--- WORK REQUIRED ---
Set down, exactly and with no pictures, the line that contains "Surrounding diamonds are" and all lines after it in the listing.

[DATASET RECORDS Boundary: Start]

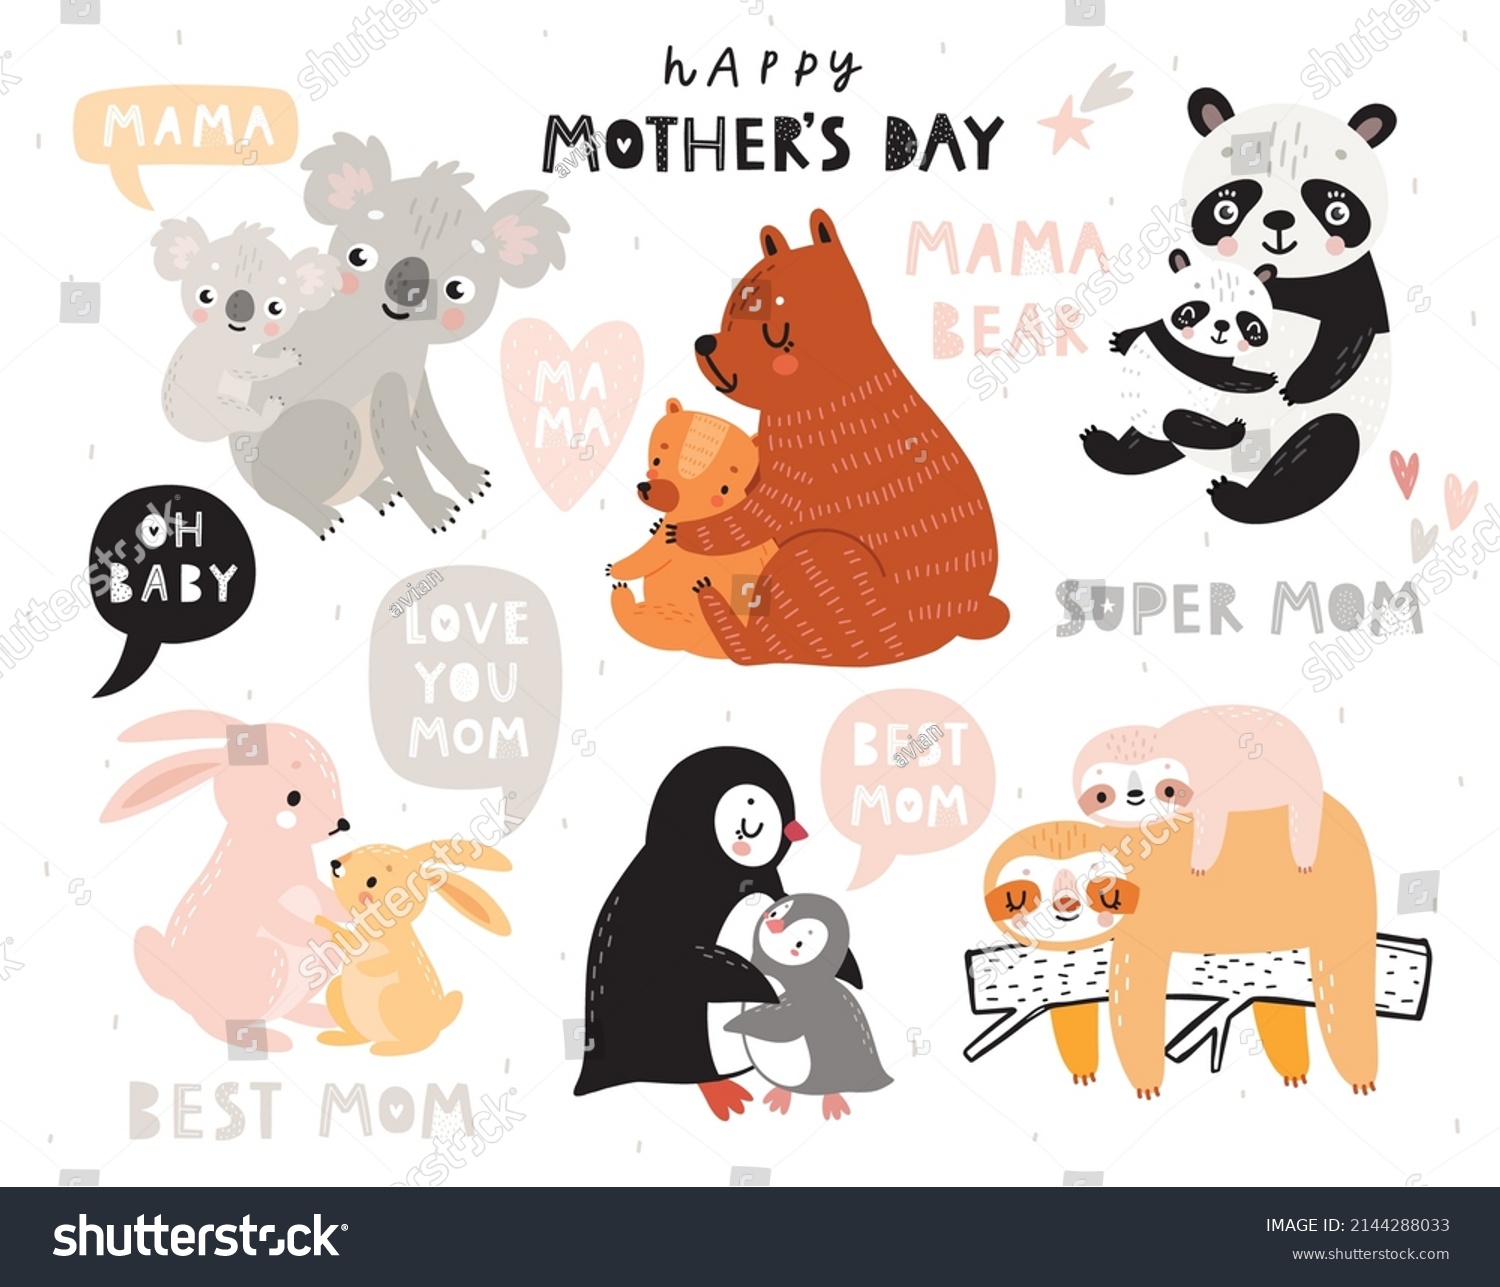 SVG of Mother's Day hand drawn style clipart. Cute animal characters - mother and baby - panda, bear, koala, sloth, penguin and rabbit.  Vector illustration. svg
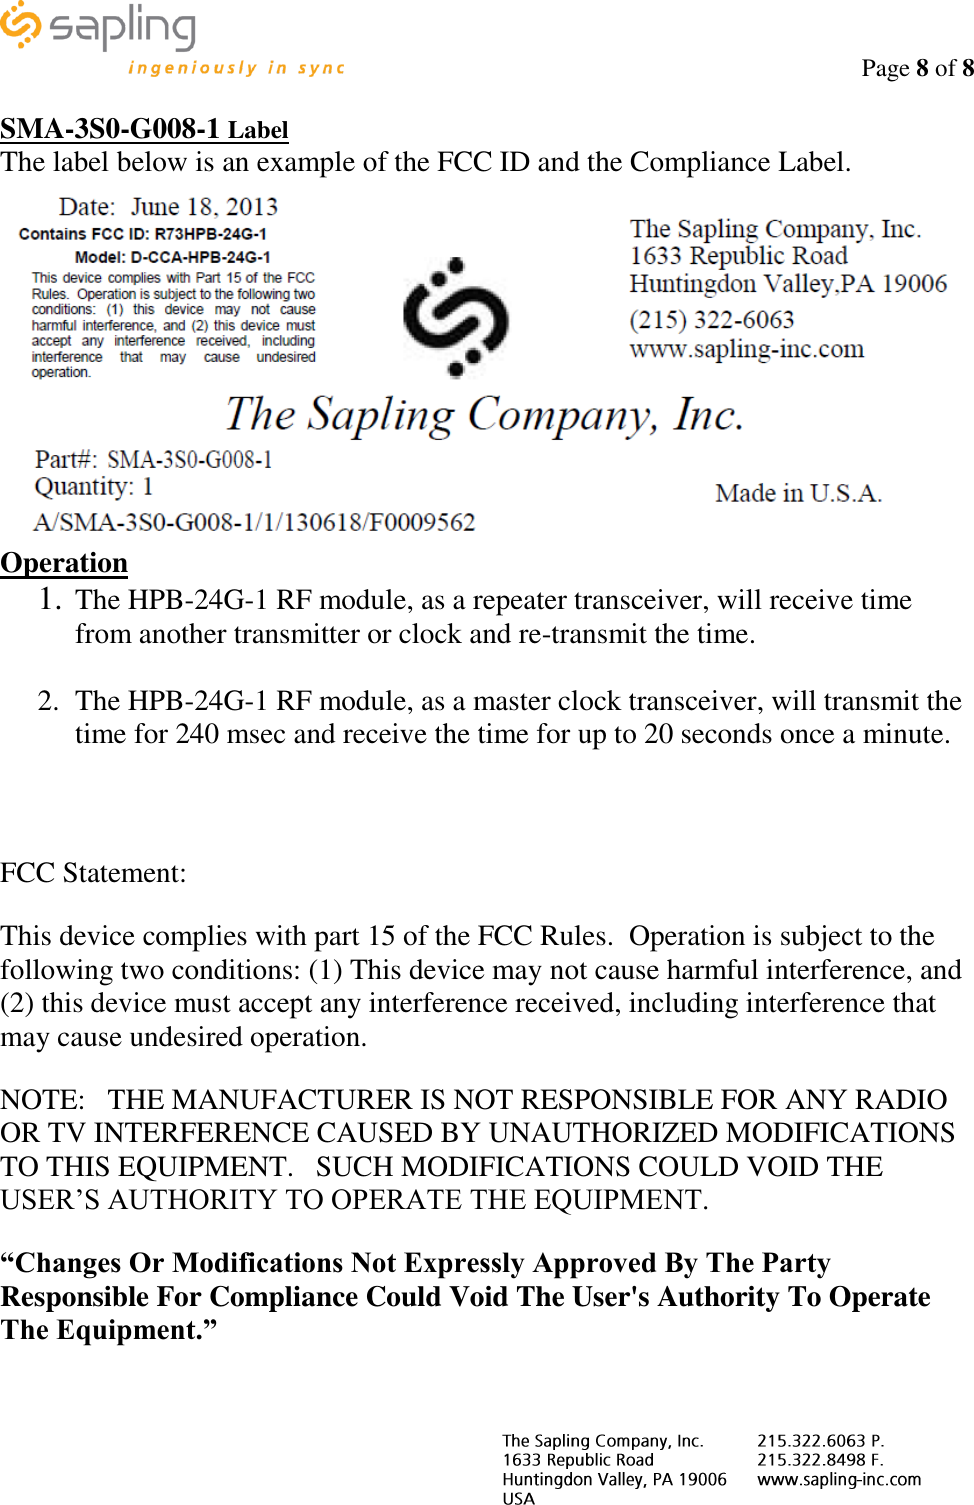                                                                                    Page 8 of 8     SMA-3S0-G008-1 Label The label below is an example of the FCC ID and the Compliance Label.  Operation 1. The HPB-24G-1 RF module, as a repeater transceiver, will receive time from another transmitter or clock and re-transmit the time.  2. The HPB-24G-1 RF module, as a master clock transceiver, will transmit the time for 240 msec and receive the time for up to 20 seconds once a minute.   FCC Statement: This device complies with part 15 of the FCC Rules.  Operation is subject to the following two conditions: (1) This device may not cause harmful interference, and (2) this device must accept any interference received, including interference that may cause undesired operation. NOTE:   THE MANUFACTURER IS NOT RESPONSIBLE FOR ANY RADIO OR TV INTERFERENCE CAUSED BY UNAUTHORIZED MODIFICATIONS TO THIS EQUIPMENT.   SUCH MODIFICATIONS COULD VOID THE USER’S AUTHORITY TO OPERATE THE EQUIPMENT. “Changes Or Modifications Not Expressly Approved By The Party Responsible For Compliance Could Void The User&apos;s Authority To Operate The Equipment.”  
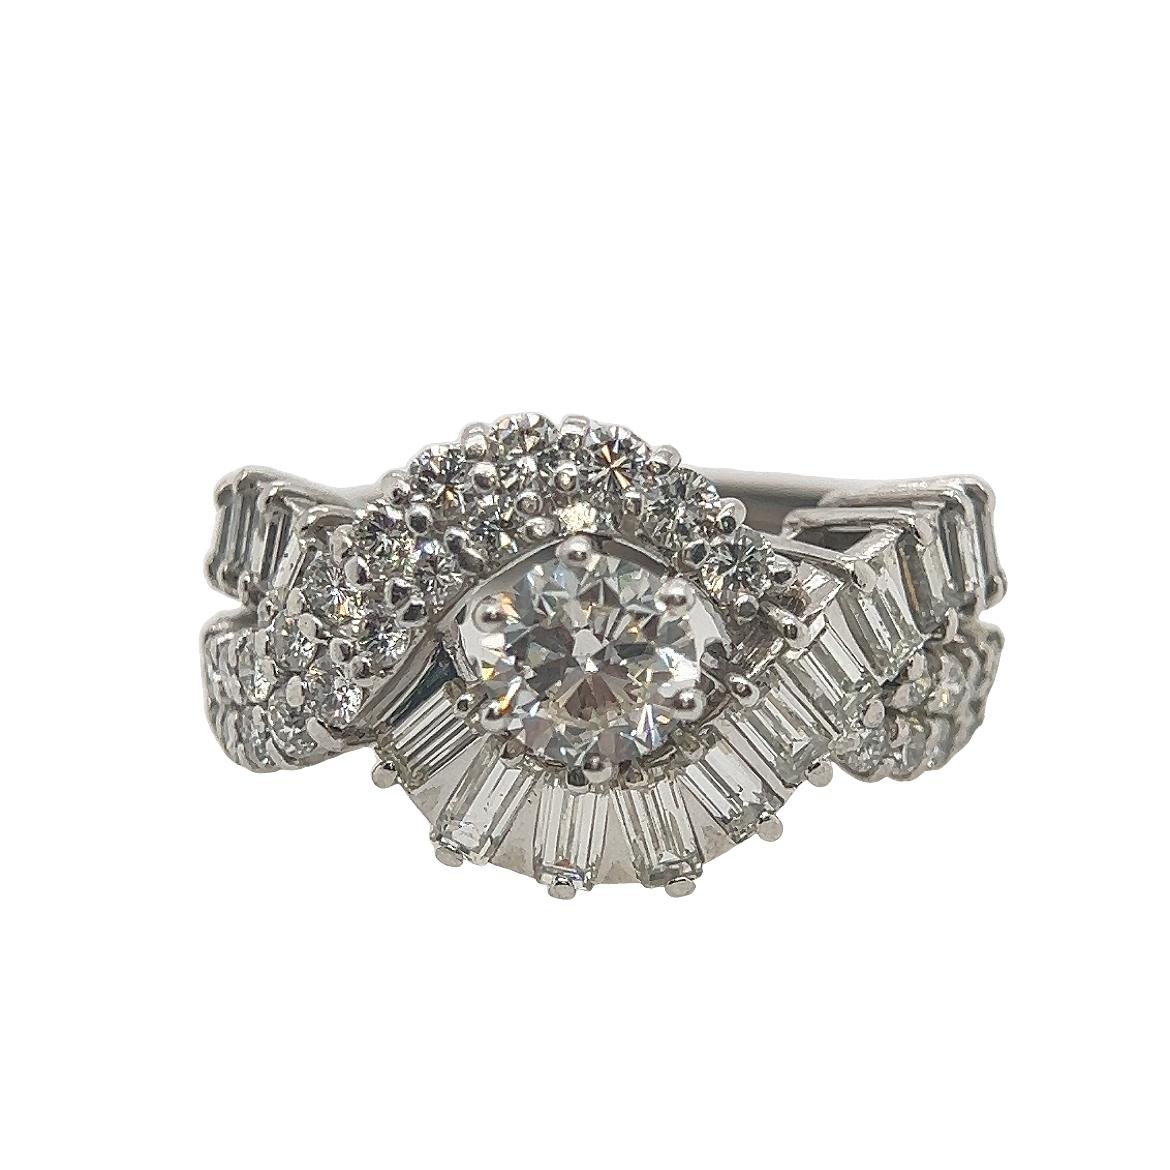 An exquisite mixed cut diamond cocktail ring. 

The central stone is approximately 1ct and is a brilliant cut diamond. 

Surrounding diamonds are approximately 1.5cts and are brilliant and baguette cut diamonds. 

Set in 18ct gold. 
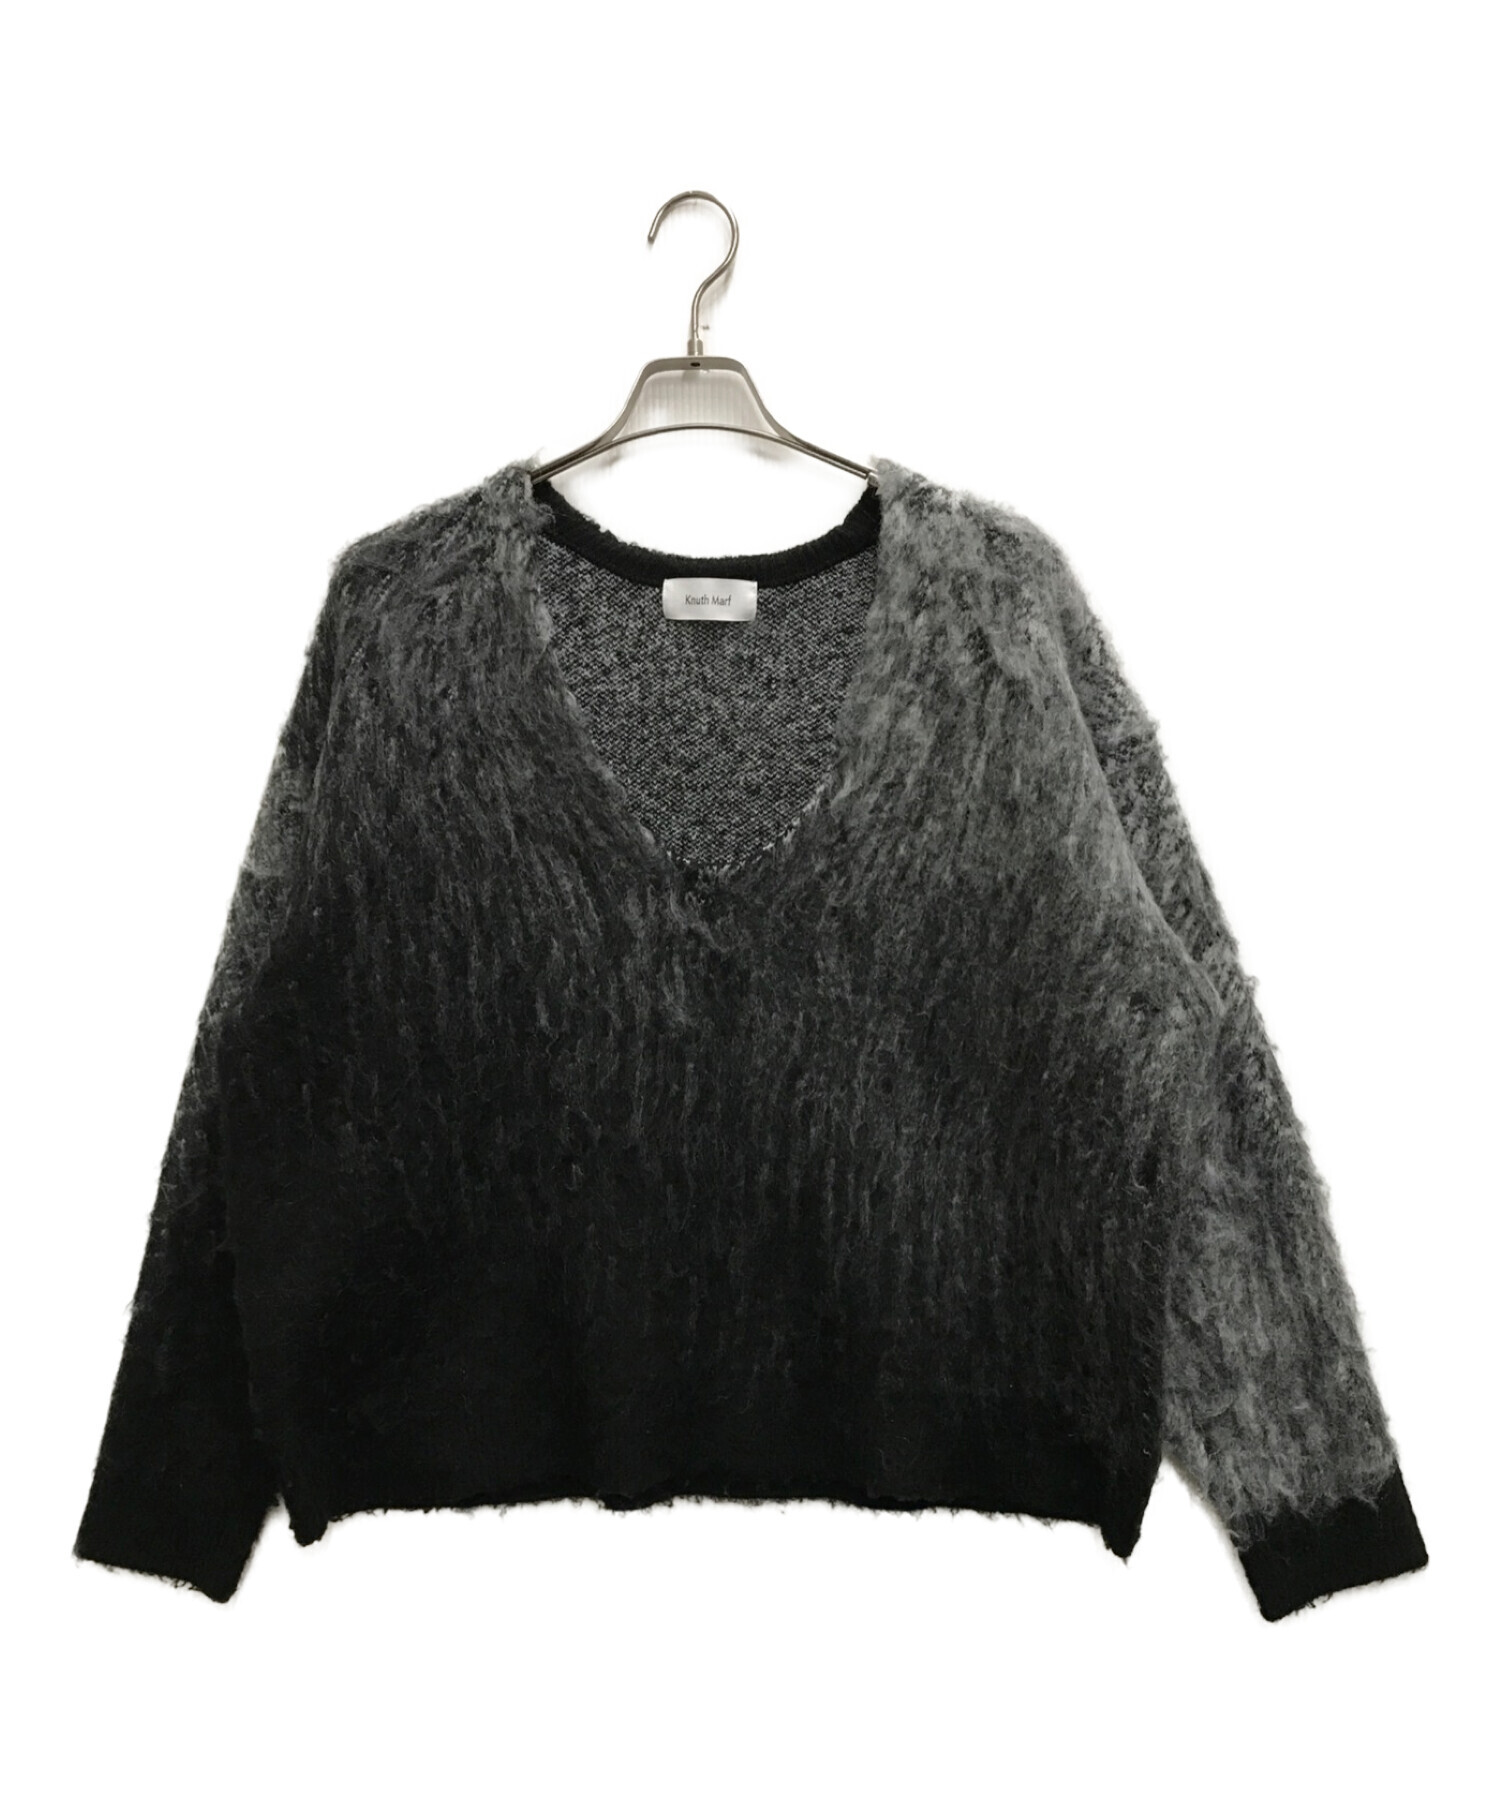 Knuth Marf (クヌースマーフ) Uneck knit pullover グレー サイズ:FREE

[DATASET RECORDS Boundary: End]

--- RESULT ---
Surrounding diamonds are approximately 1.5cts and are brilliant and baguette cut diamonds. 

Set in 18ct gold. 
 Knuth Marf (クヌースマーフ) Uneck knit pullover グレー サイズ:FREE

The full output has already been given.